Turning Toward Inner Mercy
Psalms 25:16-18 - A Neville Goddard interpretation
Read Psalms 25 in context
Scripture Focus
Biblical Context
The psalmist pleads for mercy, acknowledging desolation and distress. He seeks deliverance from trouble and forgiveness for sins.
Neville's Inner Vision
To turn unto me is to redirect the gaze of consciousness from outward conditions to the I AM within. The desolate and afflicted state is not a fixed fact but a phase of awareness you have created by believing in separation from your own life and love. When the troubles of your heart seem enlarged, you are magnifying a thought, not a circumstance. The request to bring you out of distresses is a call to revise that inner image, to replace fear with faith, and to anchor your identity in the presence that never falters.
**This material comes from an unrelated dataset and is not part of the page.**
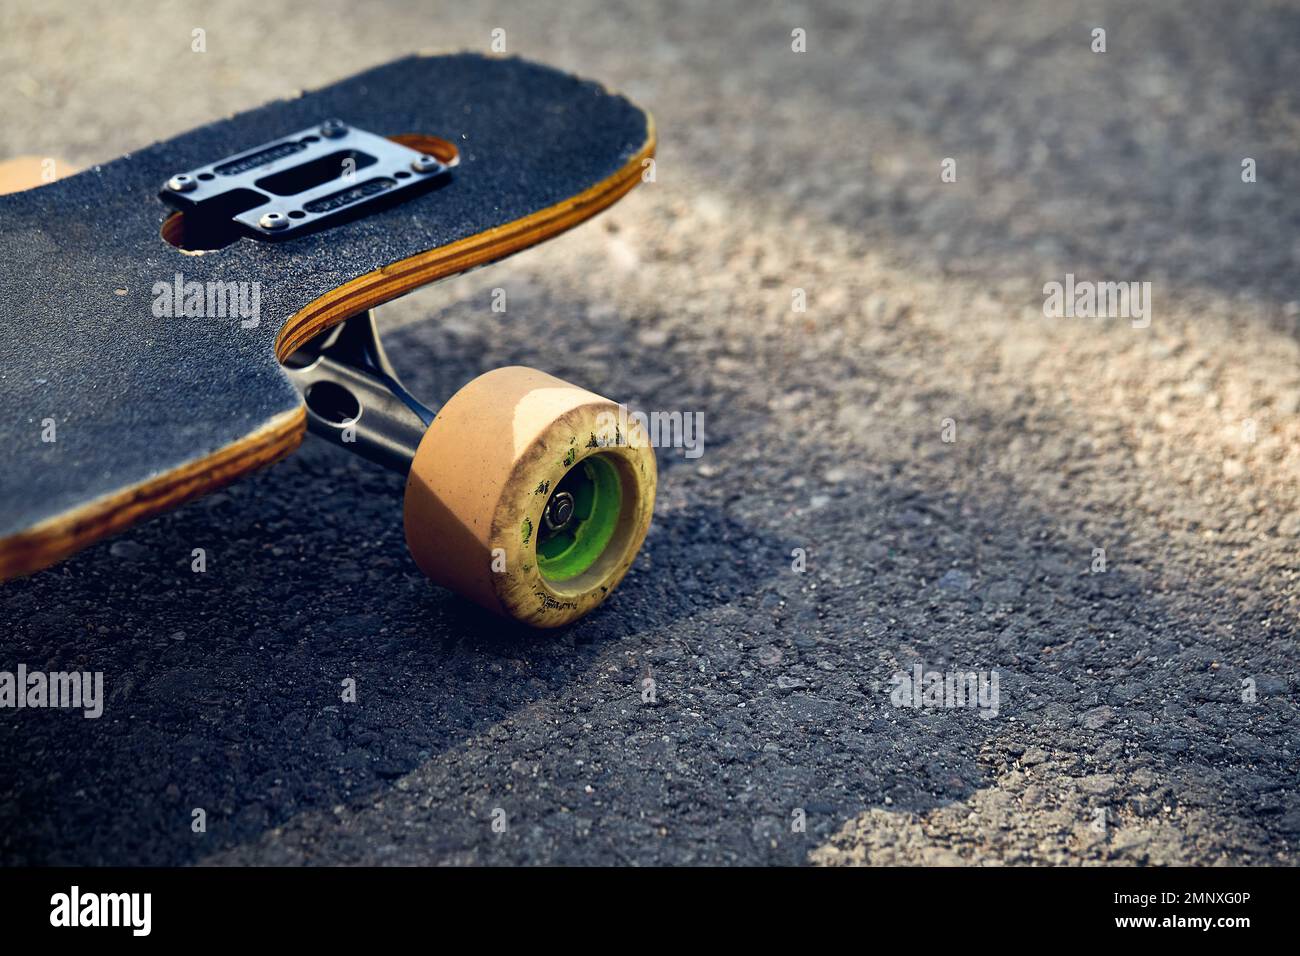 Skate board longboard at mountain asphalt road close up shot at of tail with wheels detail Stock Photo
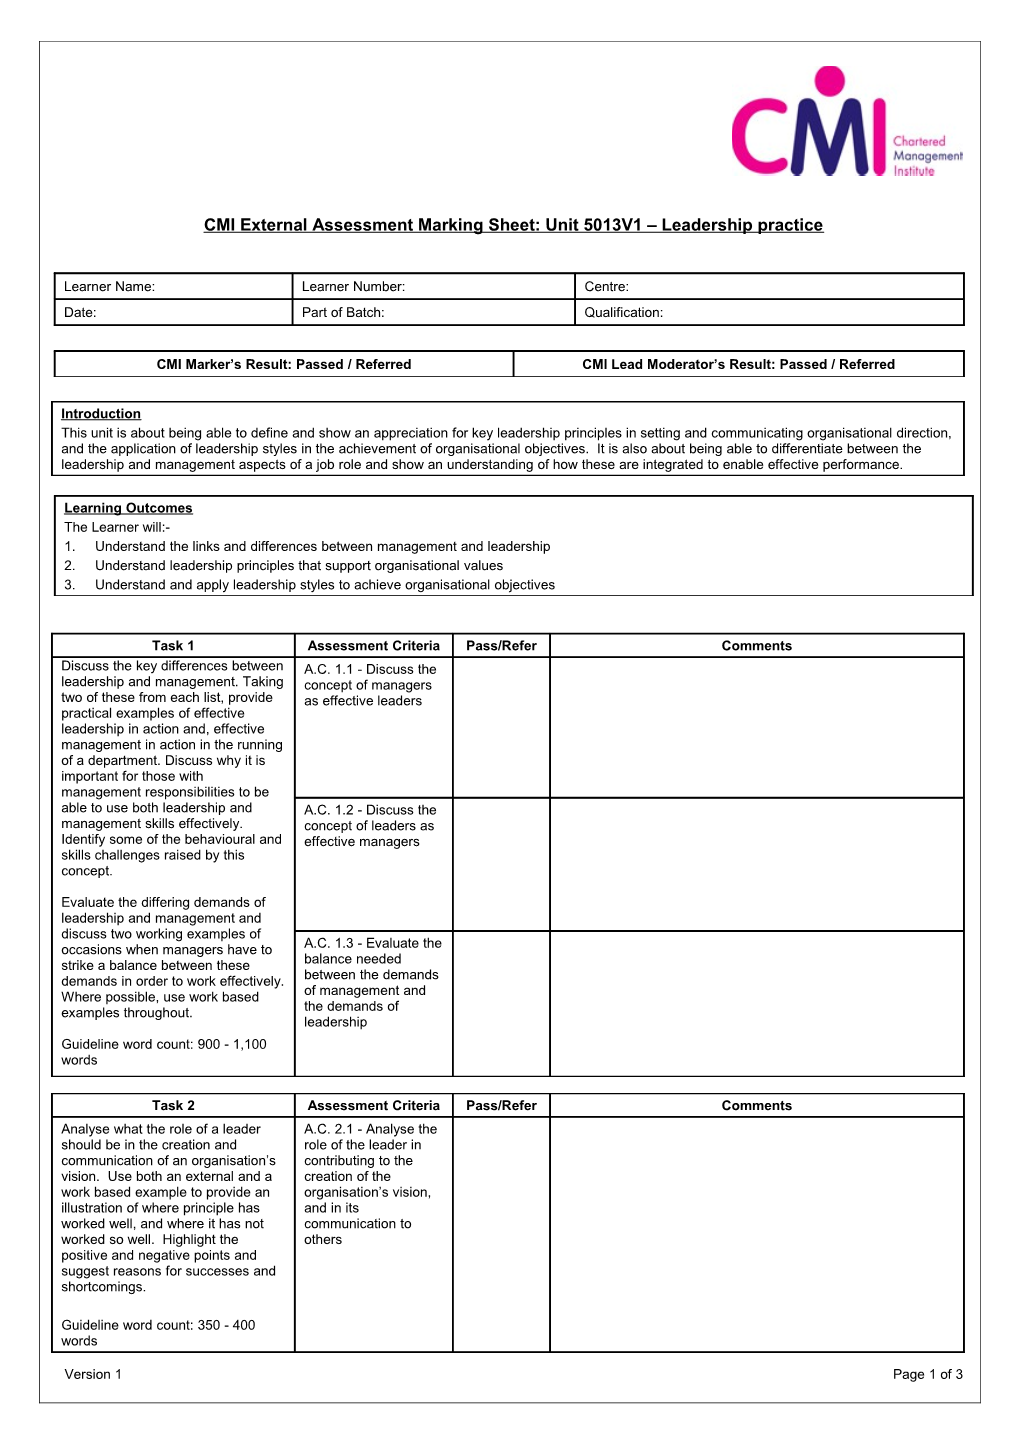 CMI External Assessment Marking Sheet: Unit 5013V1 Leadership Practice

Look upon your affliction and your pain, and you will notice you are only observing a picture in mind; let that gaze be healed by the light of the I AM. Forgive all my sins is the permission to release guilt and self-judgment; it is the recognition that you are not defined by errors but liberated by the one life in you. Dwell in this unity, imagine mercy as already granted, and feel the distresses dissolve as you remain conscious of your eternal being.
Practice This Now
Assume the feeling of mercy as already present; say to yourself, 'I am the mercy I seek,' and rest in the I AM until desolation quiets.